WORK ORDER
Copy all lines below exactly as written. Leave pictures out.
EXERCISE DATA below:
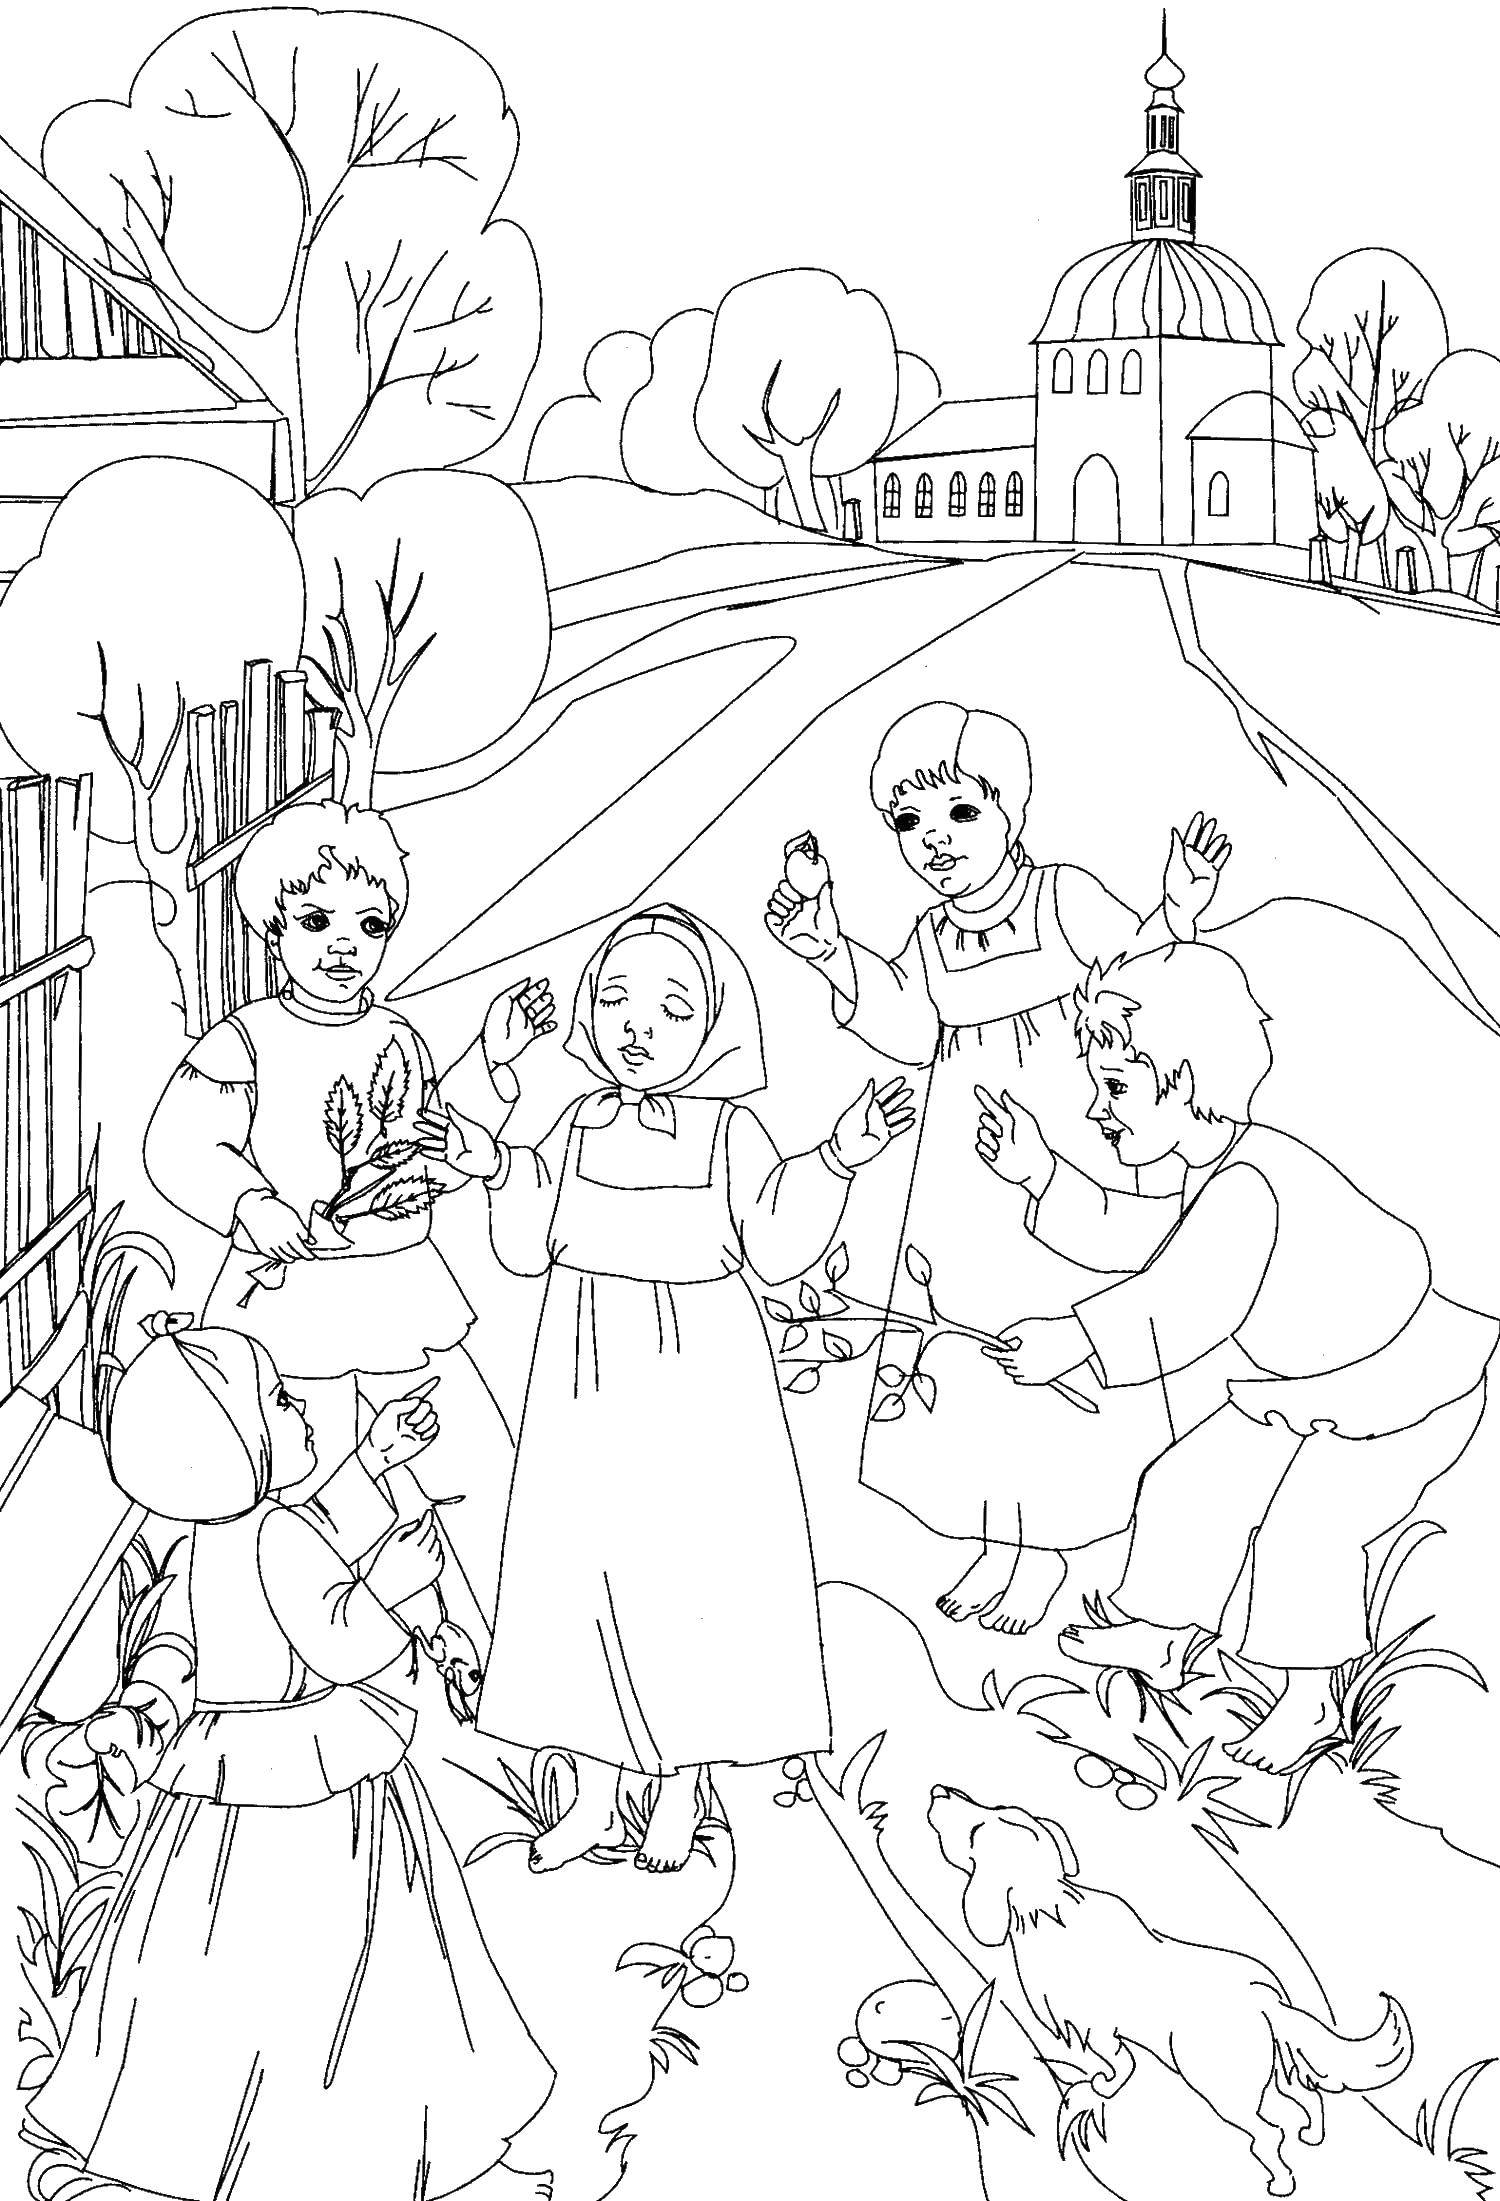 Coloring Russian village. Category The village. Tags:  Village, house, animals.
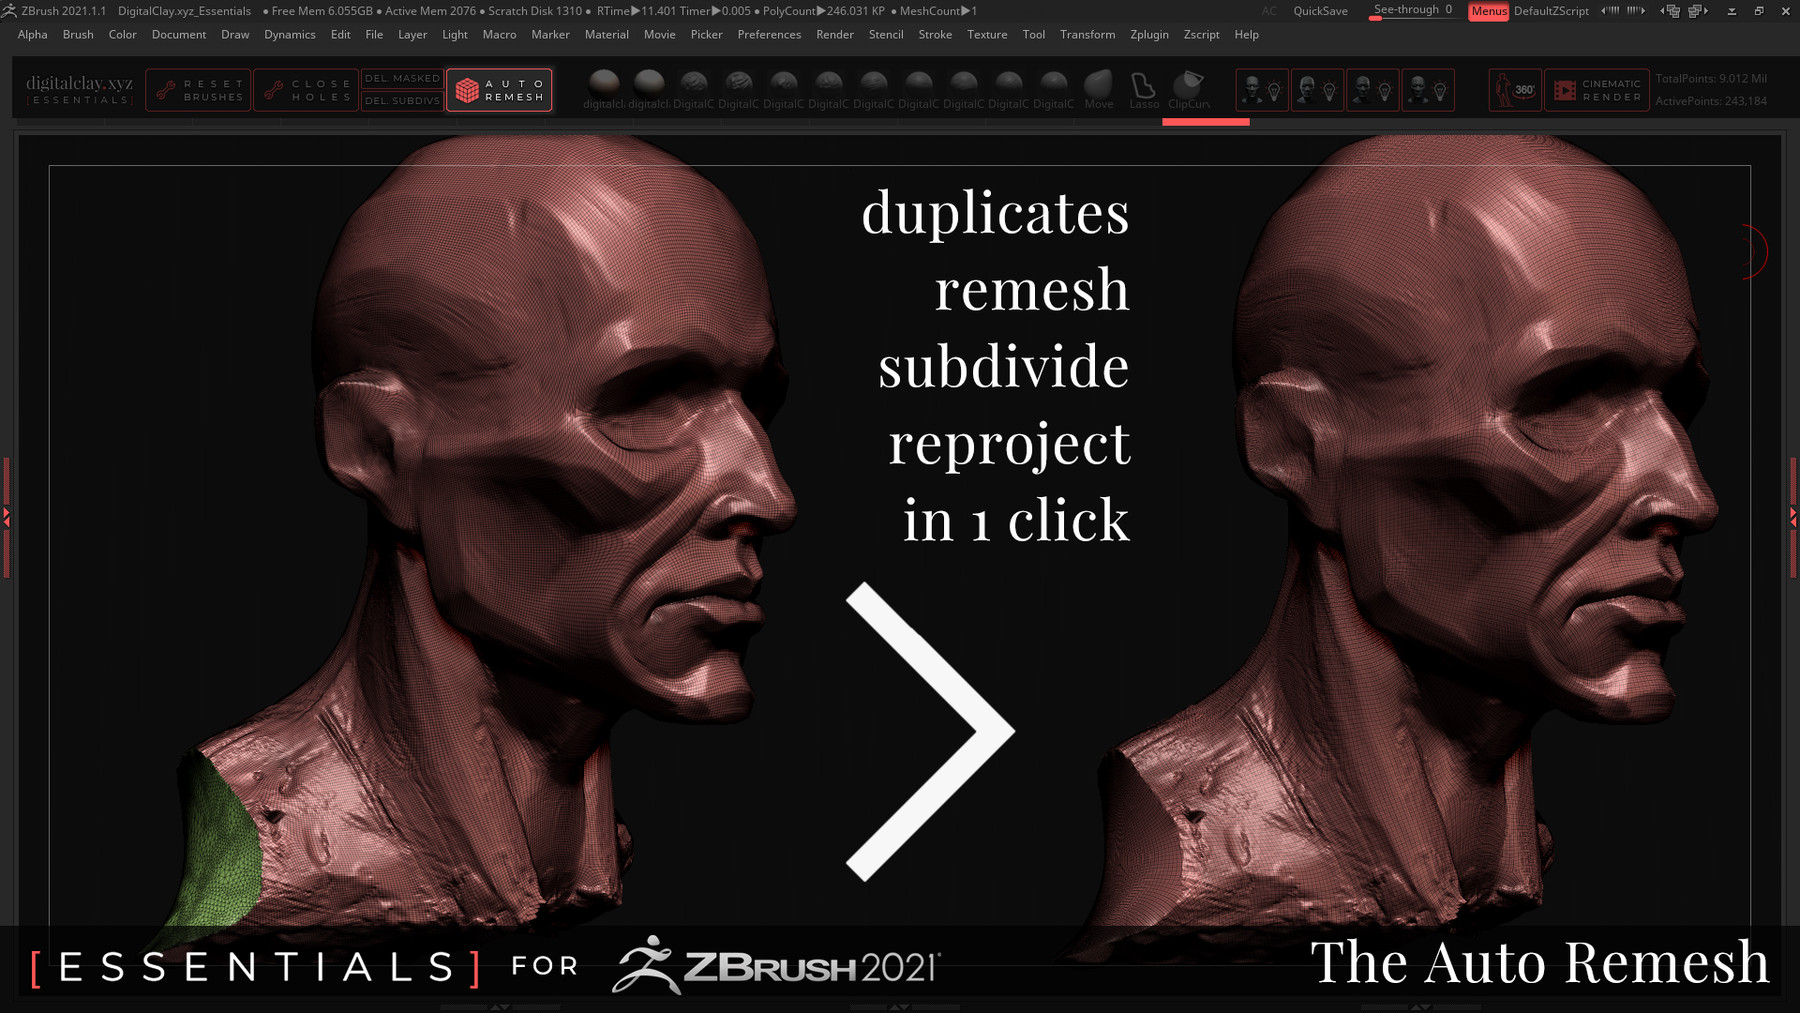 essential books for zbrush artists
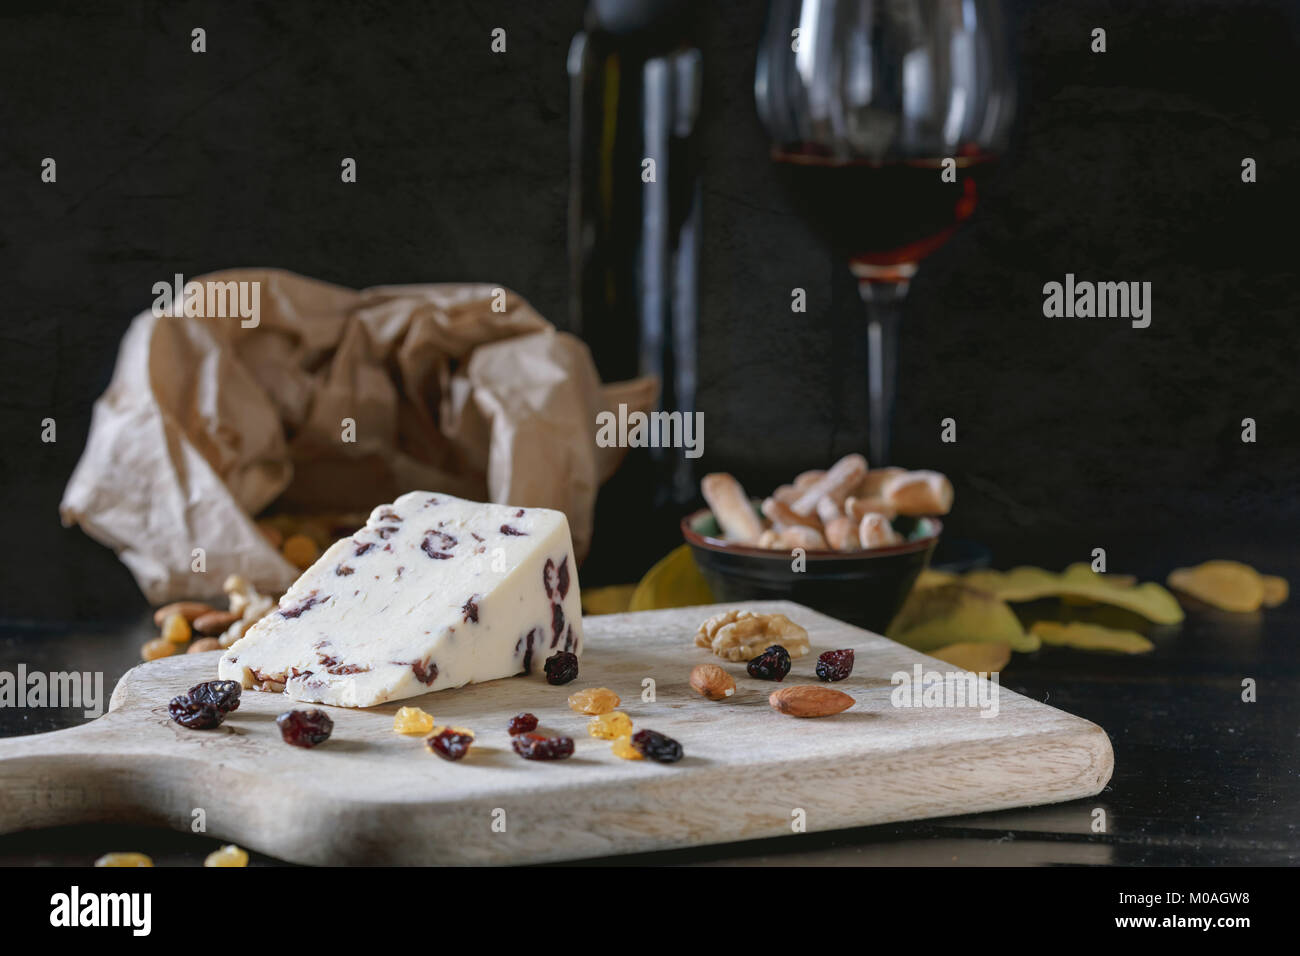 Wensleydale cheese with cranberries, red wine, honey, nuts, raisins on wooden cutting board. Black concrete background. Selective focus. Stock Photo
End of EXERCISE DATA.
TASK OUTPUT
 Coloring Russian village. Category The village. Tags:  Village, house, animals.
 essential books for zbrush artists
 Wensleydale cheese with cranberries, red wine, honey, nuts, raisins on wooden cutting board. Black concrete background. Selective focus. Stock Photo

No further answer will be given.